FIG. 1 is an internal cross-sectional view of a gas turbine cooling blade according to an embodiment of the present invention.

FIG. 2 is a sectional view taken along line AA in FIG.

FIG. 3 is a cross-sectional view of a conventional gas turbine cooling blade.

FIG. 4 is a sectional view taken along line BB in FIG. 3;

FIG. 5 is a diagram showing a flow of sealing air of a conventional gas turbine.

[Explanation of symbols]

 Reference Signs List 1 rotor blade 2 platform 2a, 2b, 2c, 2d end 3,4,5 cooling passage 3a passage 6a, 6b, 6c, 6d, 6e passage 7 trailing edge 8,9a, 9b turbulator 10,11 inclined portion 13,14 Knife edge 15 Slot 17, 18 Passage 100, 101, 102 Cooling air

 ──────────────────────────────────────────────────続 き Continuing on the front page (72) Inventor Junichiro Masada 2-1-1, Shinhama, Arai-machi, Takasago City, Hyogo Prefecture Inside the Takasago Works, Mitsubishi Heavy Industries, Ltd. No.1 F-term in Takasago Works, Mitsubishi Heavy Industries, Ltd. (reference) 3G002 CA06 CA08 CB03 CB05

Claims (2)

[Claims] 1. A cooling air passage is provided inside a moving blade, cooling air is guided from a lower portion of the platform through the passage to cool the blade, and the inner shroud ends of the adjacent preceding and succeeding stationary vanes and the platform end.

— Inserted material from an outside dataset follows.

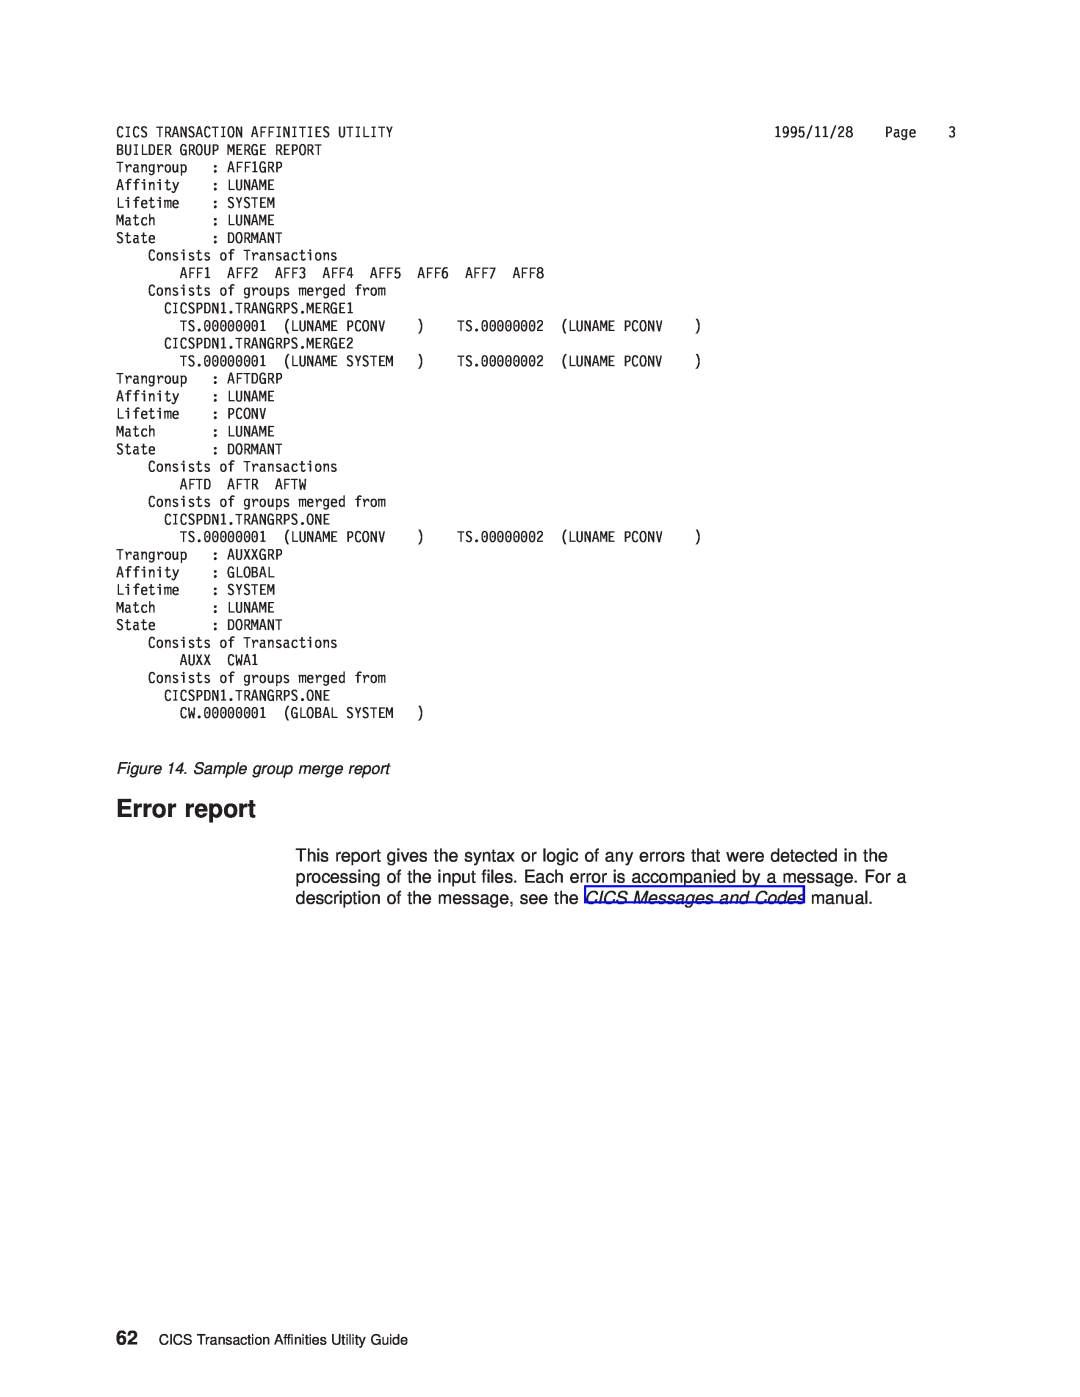 IBM OS manual Error report, Sample group merge report 
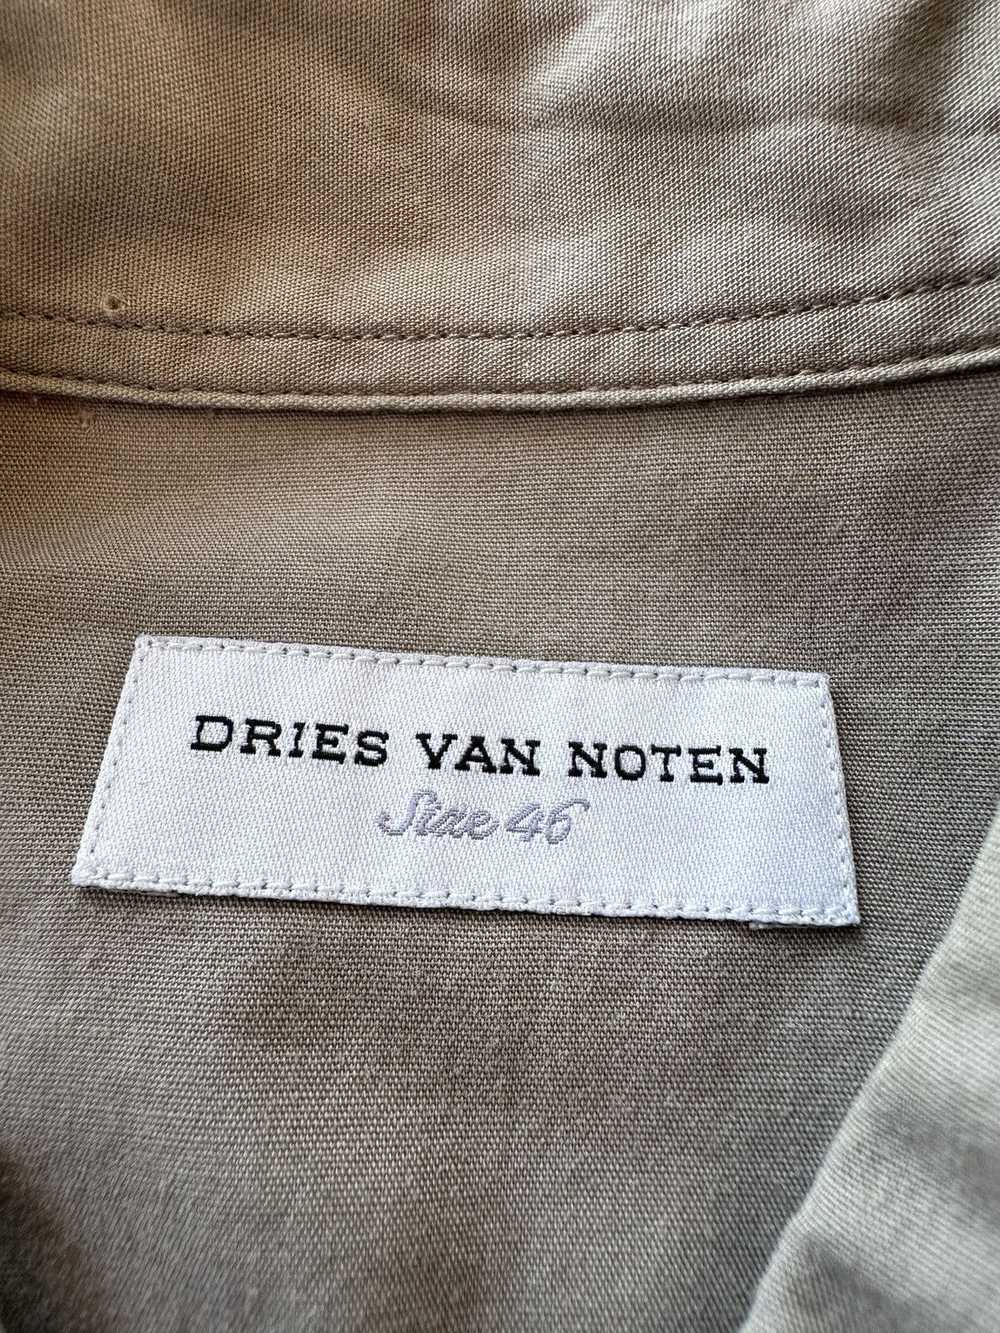 Dries Van Noten Dries Van Noten Button-Up Shirt - image 3

In the gas turbine cooling blade where a sealing portion is provided between the cooling portion and the sealing portion to flow out to the combustion gas passage from the sealing portion, the cooling air passage causes the cooling air to flow to the front edge portion and to flow out to the tip. A second passage for guiding the cooling air from the trailing edge side, causing a part of the cooling air to flow out from a number of slots provided on the trailing edge, and leaving the remainder flowing through the serpentine flow path toward the leading edge side to the leading end; And a gas turbine cooling blade. 2. A seal comprising a knife edge provided at an end of the platform and an inner shroud end of an adjacent stator vane, and a flow path meandering from the seal. 2. The gas turbine cooling blade according to claim 1, wherein the sealing air flows from the flow path into the combustion gas flow path inclined upward in the combustion gas flow direction.